The problem, as I've mentioned before, is that there's no consistent definition of what comprises confidential information. Nor do we have a consensus on the circumstances under which it should be revealed, and to whom.

As a consequence, providers are going soft on privacy. Take AT&T: Earlier this summer, the company reworked its privacy policy. It now reserves the right to disclose its business records - including contact data (customer name, address, phone number and e-mail address), transactions (online purchases and possibly even searches), service charges, the hardware and software used, and Social Security numbers and/or credit card information, passwords and user names.

Under what circumstances can this be disclosed? Basically, whenever AT&T feels like it. Specifically, the company says it will disclose this information in order to protect its legitimate business interests, safeguard others or respond to legal process.

I don't know about you, but that doesn't sound like a privacy policy to me - more like an exposure policy. There are those who say privacy's an outdated right in this era of airplane bombers and terrorist conspiracies, and only evildoers keep secrets. (Hey guys: How about we post your prescription for hemorrhoid cream on the bulletin board at work? Hmm, didn't think so.)

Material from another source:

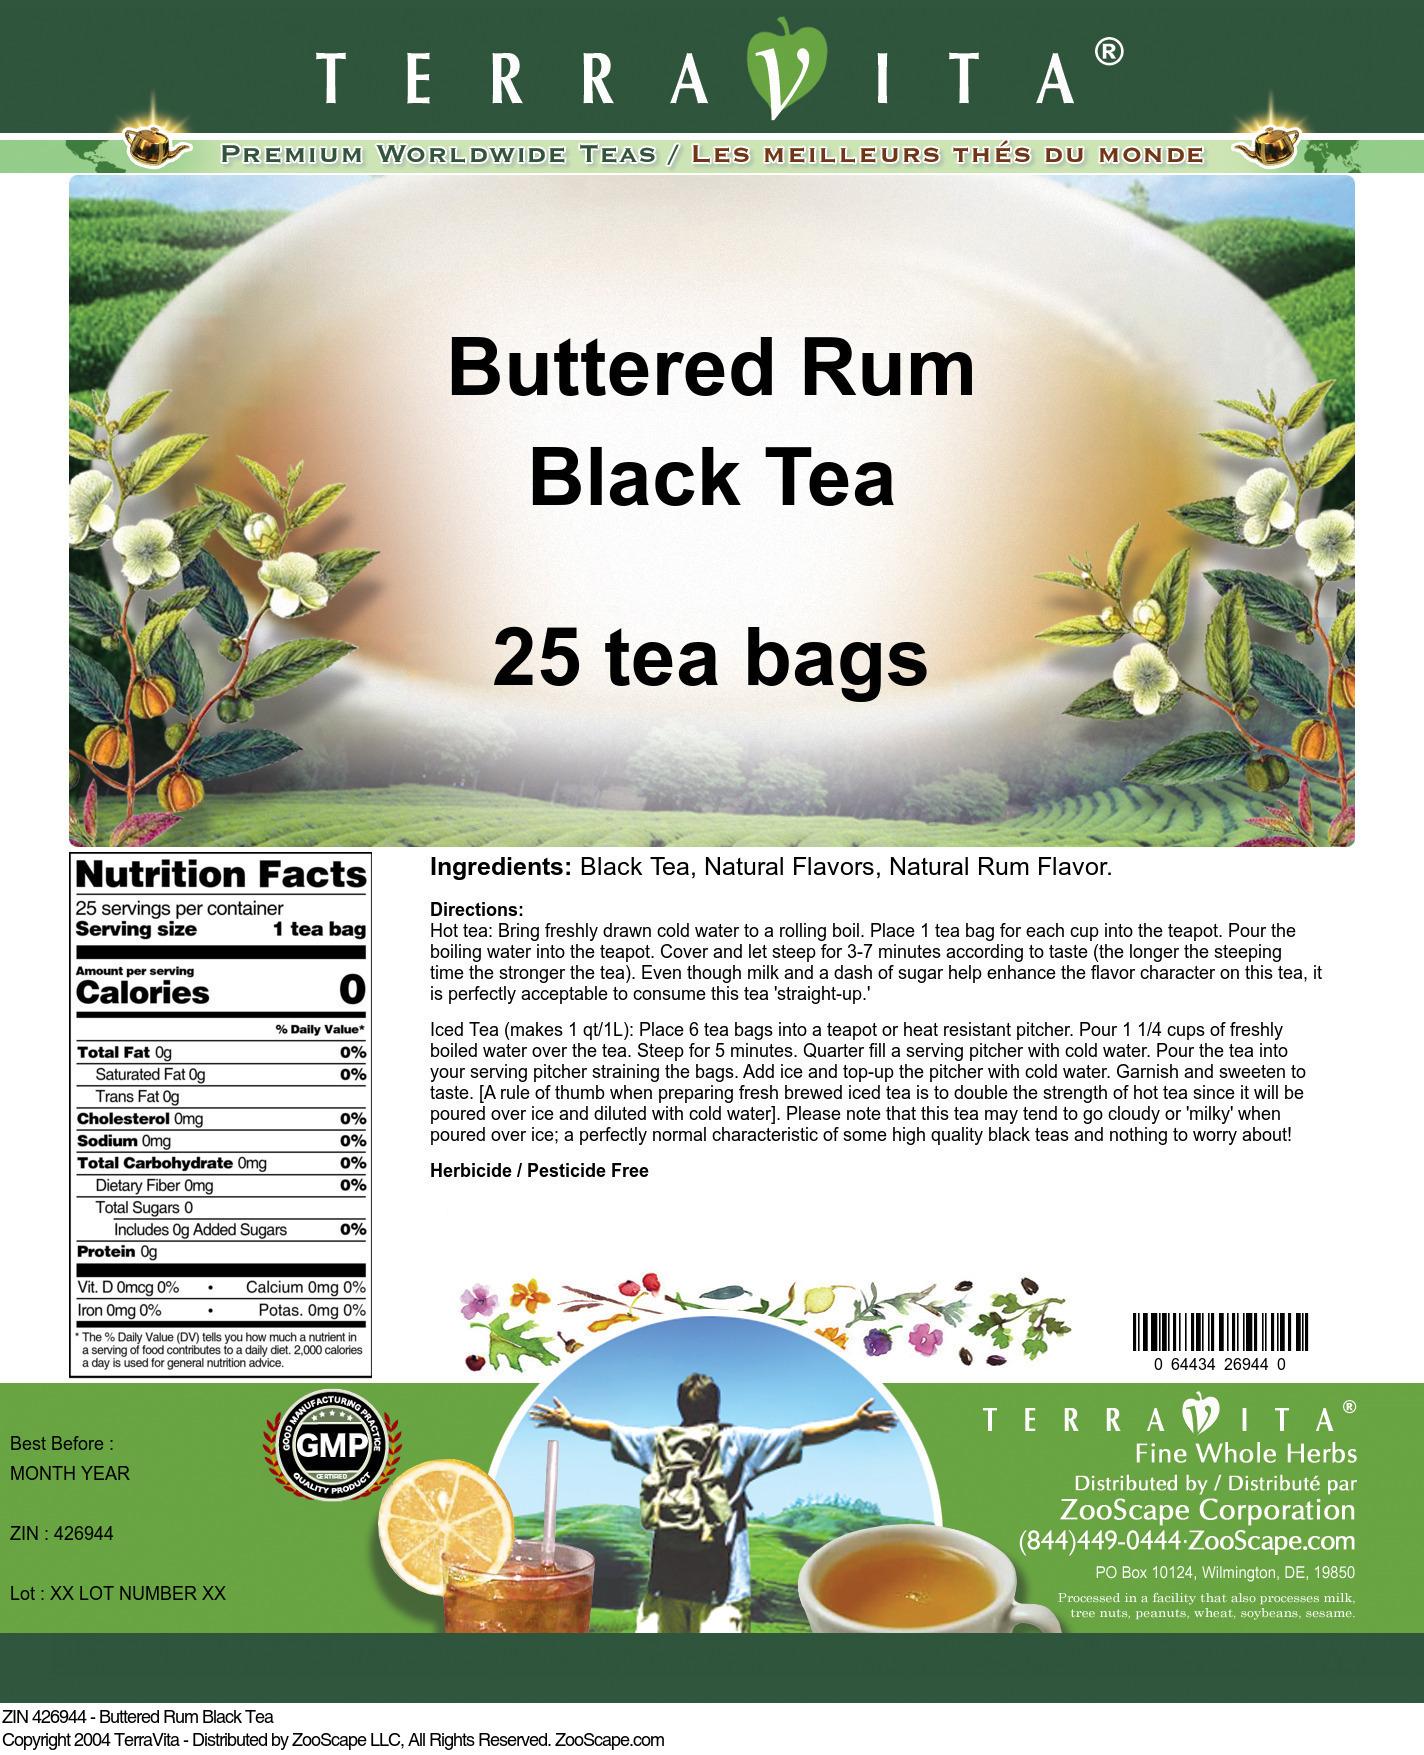 Butter Rum Black Tea

Here's the thing. Insisting on a consistent definition of privacy doesn't necessarily entail handing the country over to Osama Bin Laden on a silver platter.

We need to rationalize the current patchwork quilt of laws and policies to establish three things: 1. What information is considered confidential? Searches? VoIP calls? E-mails? Account information? Calling patterns?). 2. Under what circumstances can this data be revealed to third parties, including government agencies? 3. What is the legal process required to authorize a provider to reveal this information?

Today, tapping voice calls requires warrants, but tapping VoIP calls doesn't. That's nuts unless the goal is to keep terrorists, pedophiles and the Mafia on rotary phones. And as we all know, the courts are hotly debating whether or not warrants are required for calling-pattern analysis.

With all due respect to the judicial branch, this is something that legislators - not judges - ought to be sorting out. So here's my suggestion: Citizens, write your lawmakers demanding that they put a full discussion of privacy on the docket starting this fall. Vote your beliefs. And hold your providers fully accountable for having a real privacy policy.

The alternative? Get used to reading your (and your company's) confidential data on the Web.